Por otro lado, el profesor y entrenador Álvaro Restrepo, director técnico hasta el año pasado del club Deportivo Independiente Medellín y entrenador ahora de la selección Medellín para los Juegos Departamentales, cuenta que, a pesar de que las jugadoras sean disciplinadas, siempre han existido bastantes obstáculos, ya que es un tema estigmatizado por el machismo; sin embargo, el principal problema que encuentra son los patrocinios, ya que son más complejos de conseguir para los equipos femeninos.
Hay algo importante que mencionar y es que la FIFA no ha determinado que los pases (derecho deportivo que permite inscribirlas y transferirlas de un club a otro) de las jugadoras cuesten, por lo que no tienen precio; por eso mismo muchos equipos profesionales lo ven más “Como un gasto que como una inversión”. Asimismo, hace énfasis en la falta de más torneos o que al menos duraran todo el año o dos en el año, como es en la parte masculina. También cabe aclarar que el INDER (instituto de recreación y deportes de Medellín) como requisito indispensable para que las niñas puedan entrenar, sí o sí tienen que estudiar; en caso de no ser así, no podrían tener acceso a los entrenamientos.

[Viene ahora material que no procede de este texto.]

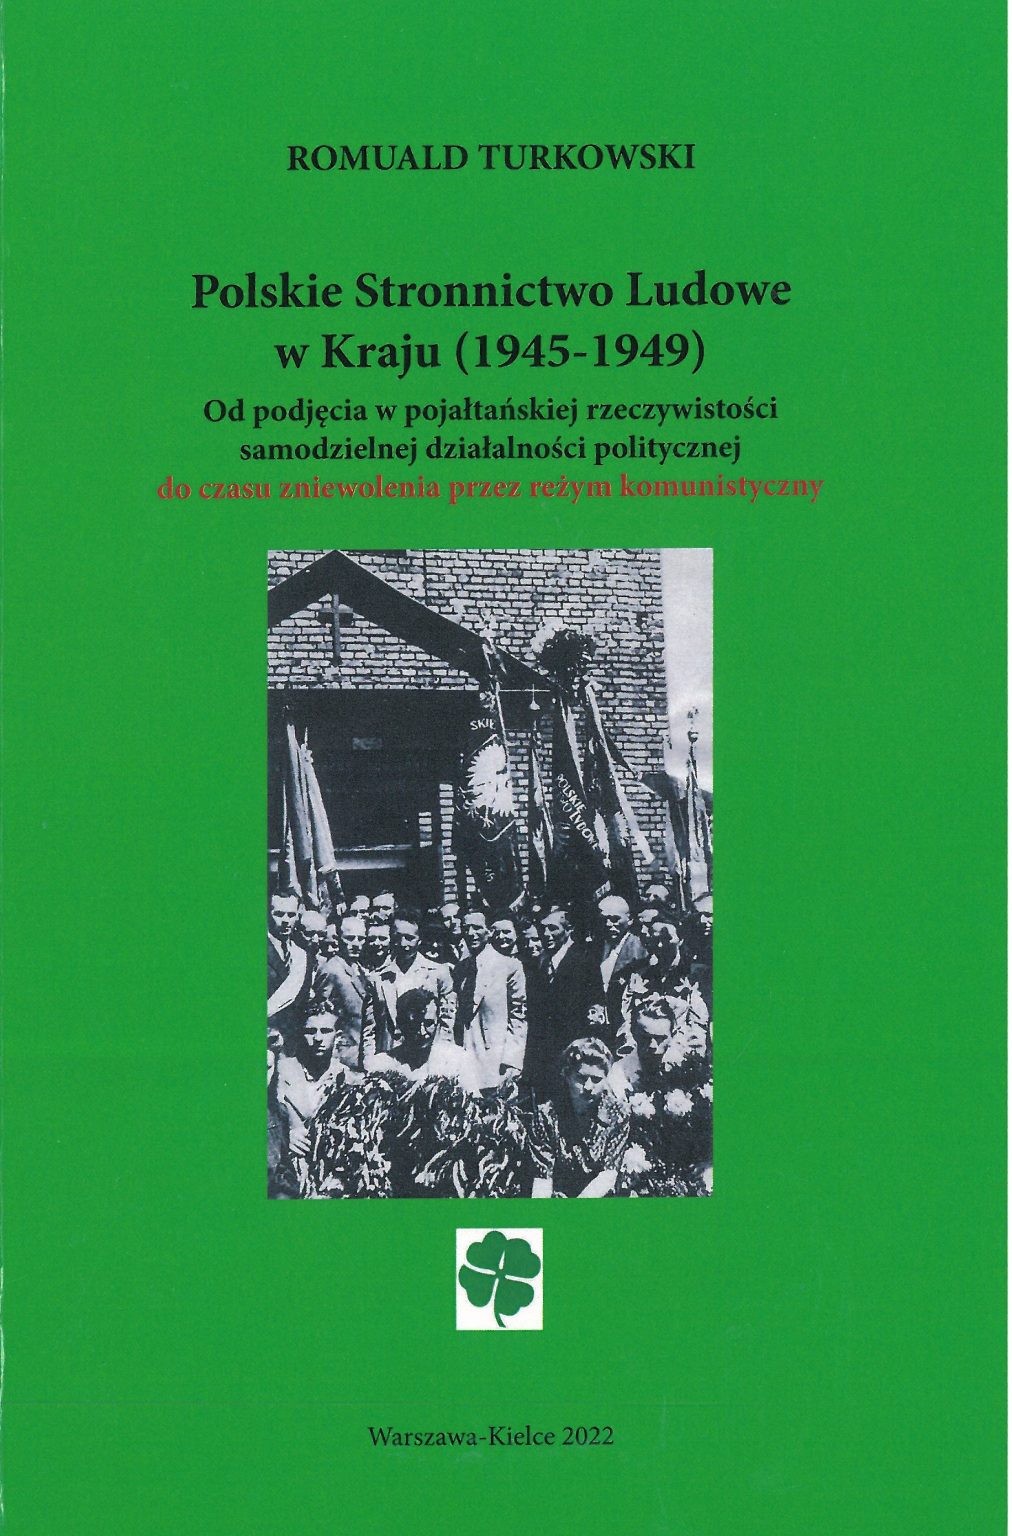 Polskie Stronnictwo Ludowe w Kraju (1945-1949)(R.Turkowski)
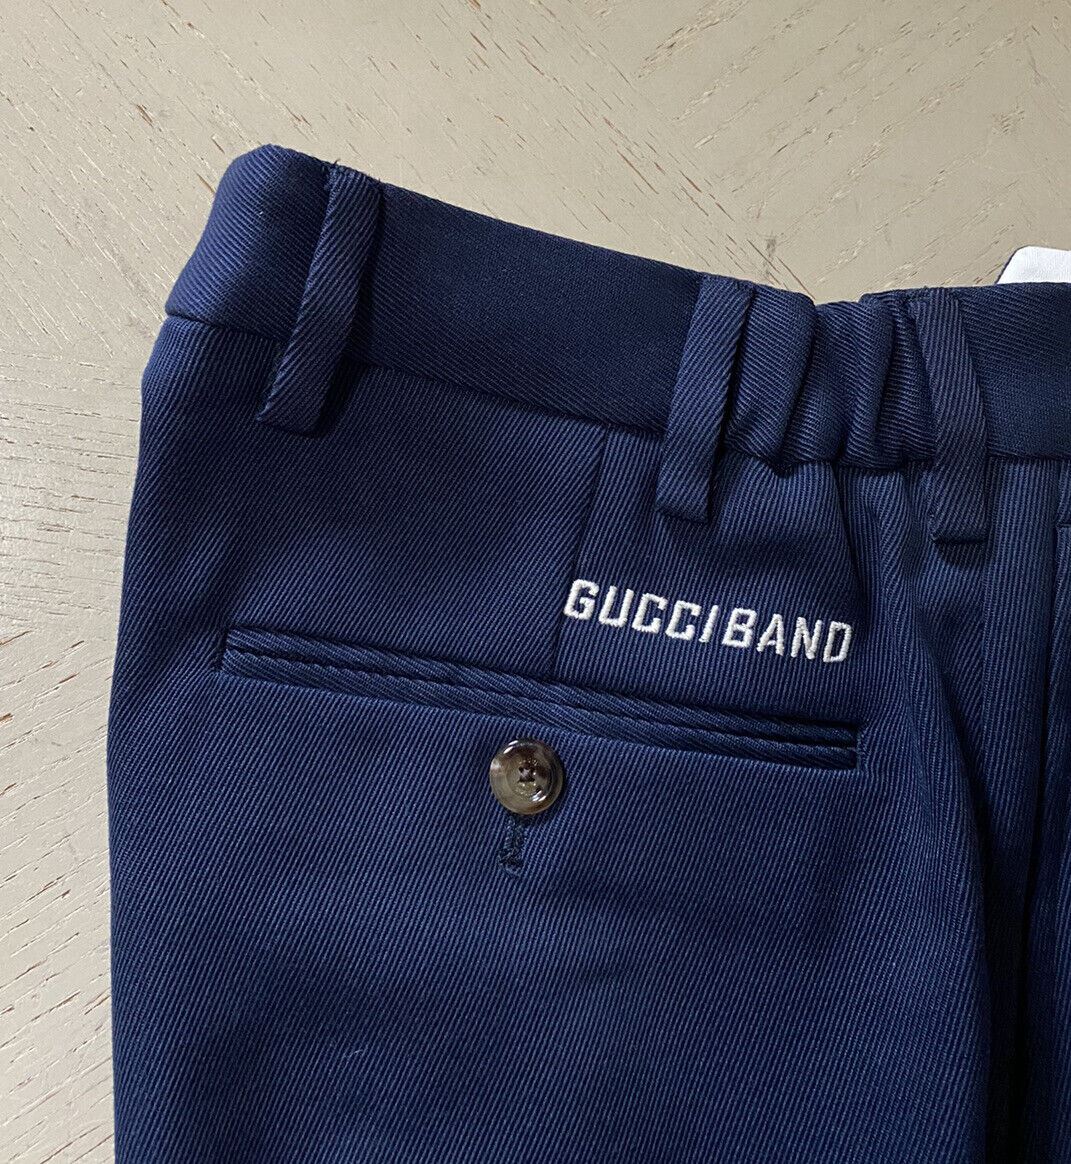 Neu mit Etikett: 1100 $ Gucci Herren Gucci Band Hose Blau/Kaspian 30 US (46 Eu) Italien

Más allá de un tema físico en comparación con hombres, es más la falta de visualización y acogida por parte de las personas, porque el fútbol vive de recursos y, si no hay gusto ni visitas sostenibles al estadio, no hay patrocinadores y eso se traduce en una falta de oportunidades en su propio país. En la actualidad se tiene todo para potencializar talentos; observando diversos partidos y entrenamientos, se ven jugadoras muy buenas. Ellas entrenan con mucha dedicación e ilusión de algún día poder ser bien remuneradas y reconocidas por su propia gente, sin tantos prejuicios ni tantos malos comentarios.